American Pharoah’s trainer, Bob Baffert, felt bad for the horse. He wanted to fix it with some hair extensions. The horse’s owner, Ahmed Zayat, put the kibosh on that. “I said, ‘No, it’s kind of unique. How could you not spot him in the morning? Keep it, it’s fun,’ ” Zayat told the New York Times.

A lot of attention has been paid to the funny-looking tail since American Pharoah has been thrust into the spotlight on his way to two-thirds of the Triple Crown. Most people focus on how it makes the horse look, but what about how the tail affects the way the horse runs?

Peter Caruso says it has an impact. A physicist who works with aerospace engineers, Caruso says that, all else being equal, a shorter tail can give a racehorse an edge in speed.
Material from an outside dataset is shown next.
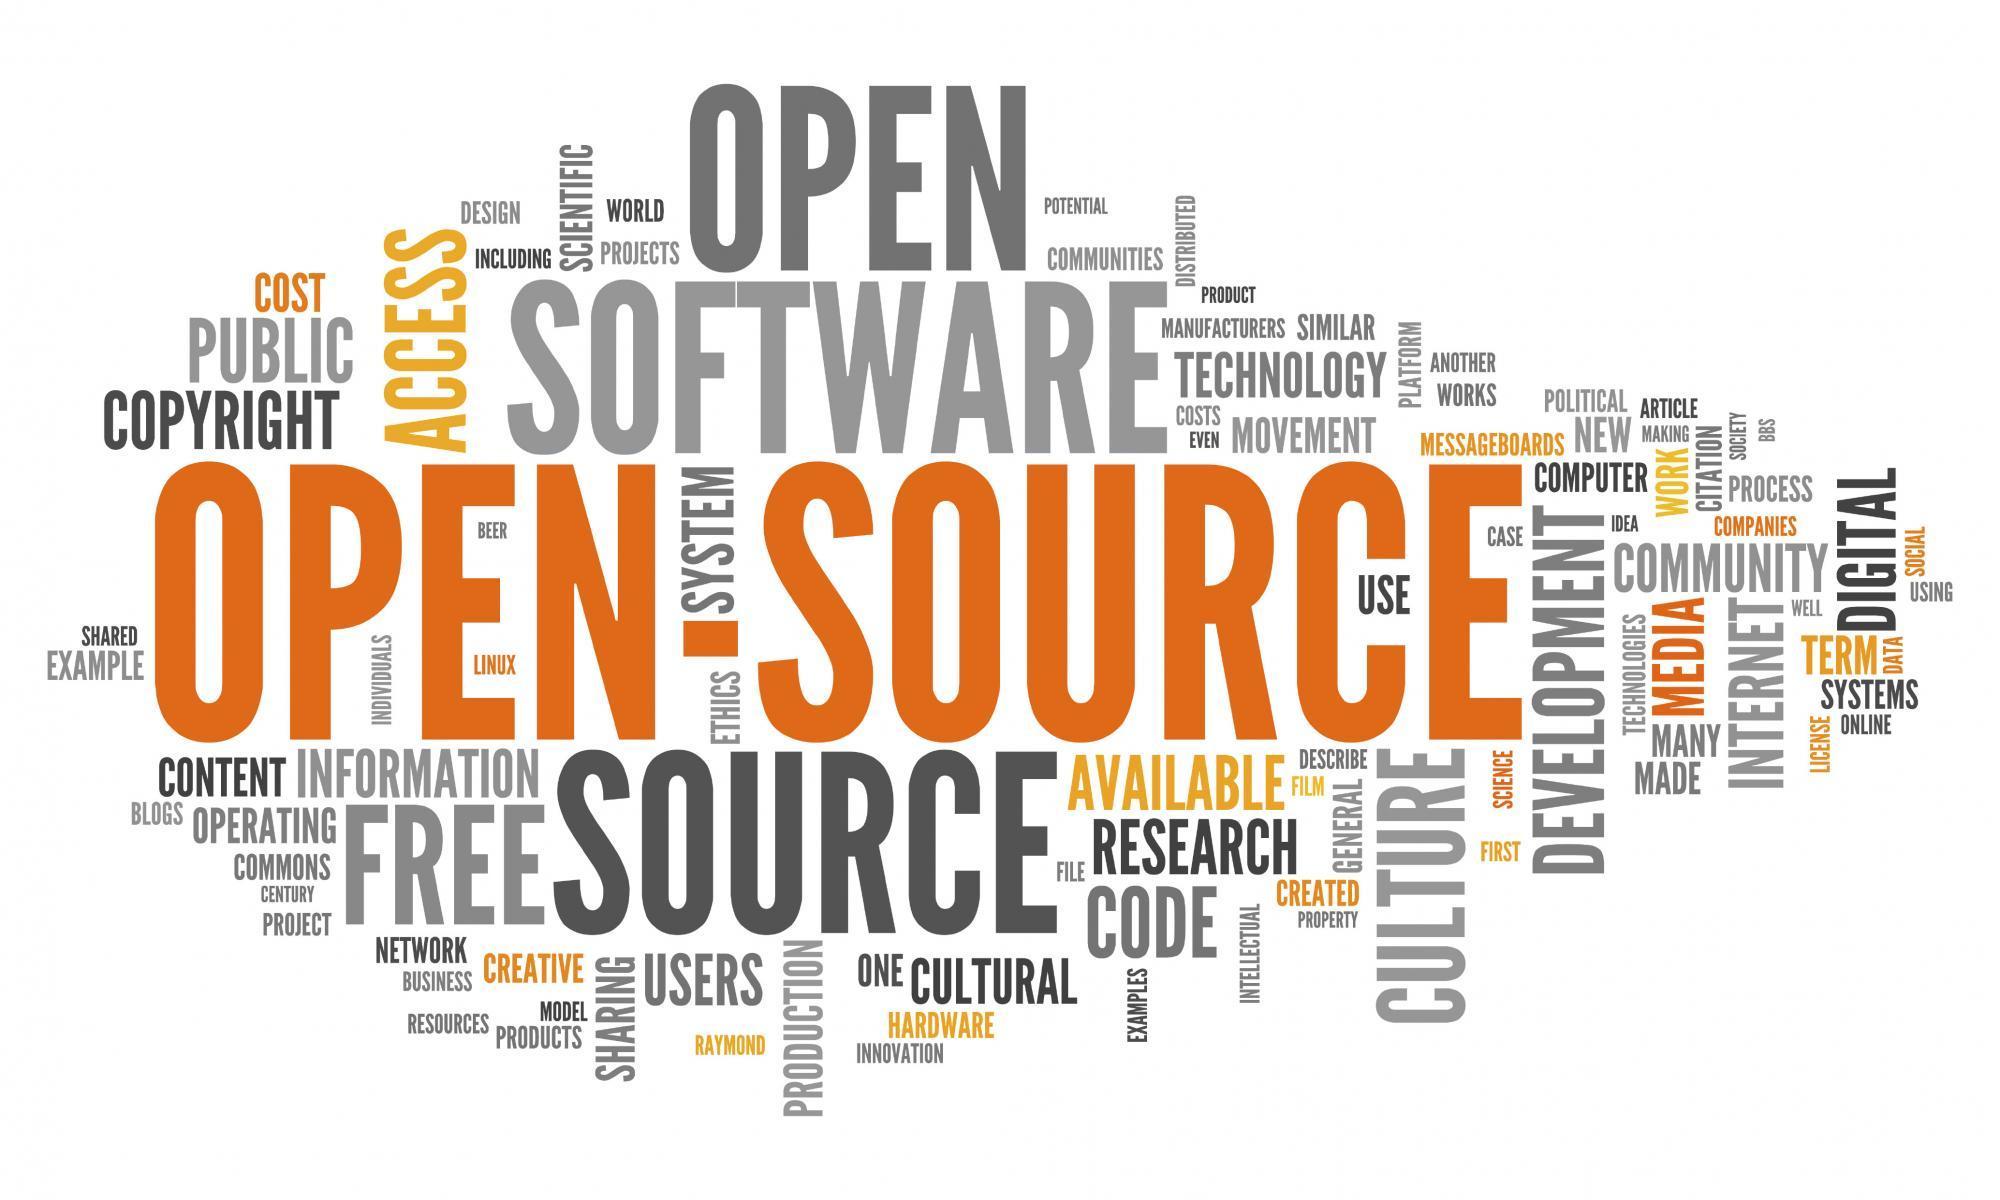 Logiciels Open Source

“The faster a horse runs, the aerodynamic drag increases. And the back of a horse, that’s where all the downforce happens,” Caruso explained. “The slipstream that moves over the horse will eventually meet up again in the back, right at the tail.”

Tails serve no practical purpose in racing. The reason horses have the long, flowing hairy tails is to keep their hairless under-parts warm in the winter and, of course, to swat flies away. In a racehorse during a race, the tail serves only as an attractive decorative banner trailing behind the horse. “I’d need data to know for sure, but I could see how a shorter tail could improve the horse’s drag coefficent,” Caruso says. “It’d be very, very slight, but it could be there.”

So you’re saying the shorter tail is why American Pharoah will win the Triple Crown, I asked him? “No, I didn’t say that, nor do I believe it,” he replied.

So the jury is still out, but according to some scientists, American Pharoah is going to win the Triple Crown because of his weird tail. If he succeeds, don’t be surprised if next year we see 20 tiny tails sticking out of the starting gate at the Kentucky Derby. It’s science, after all.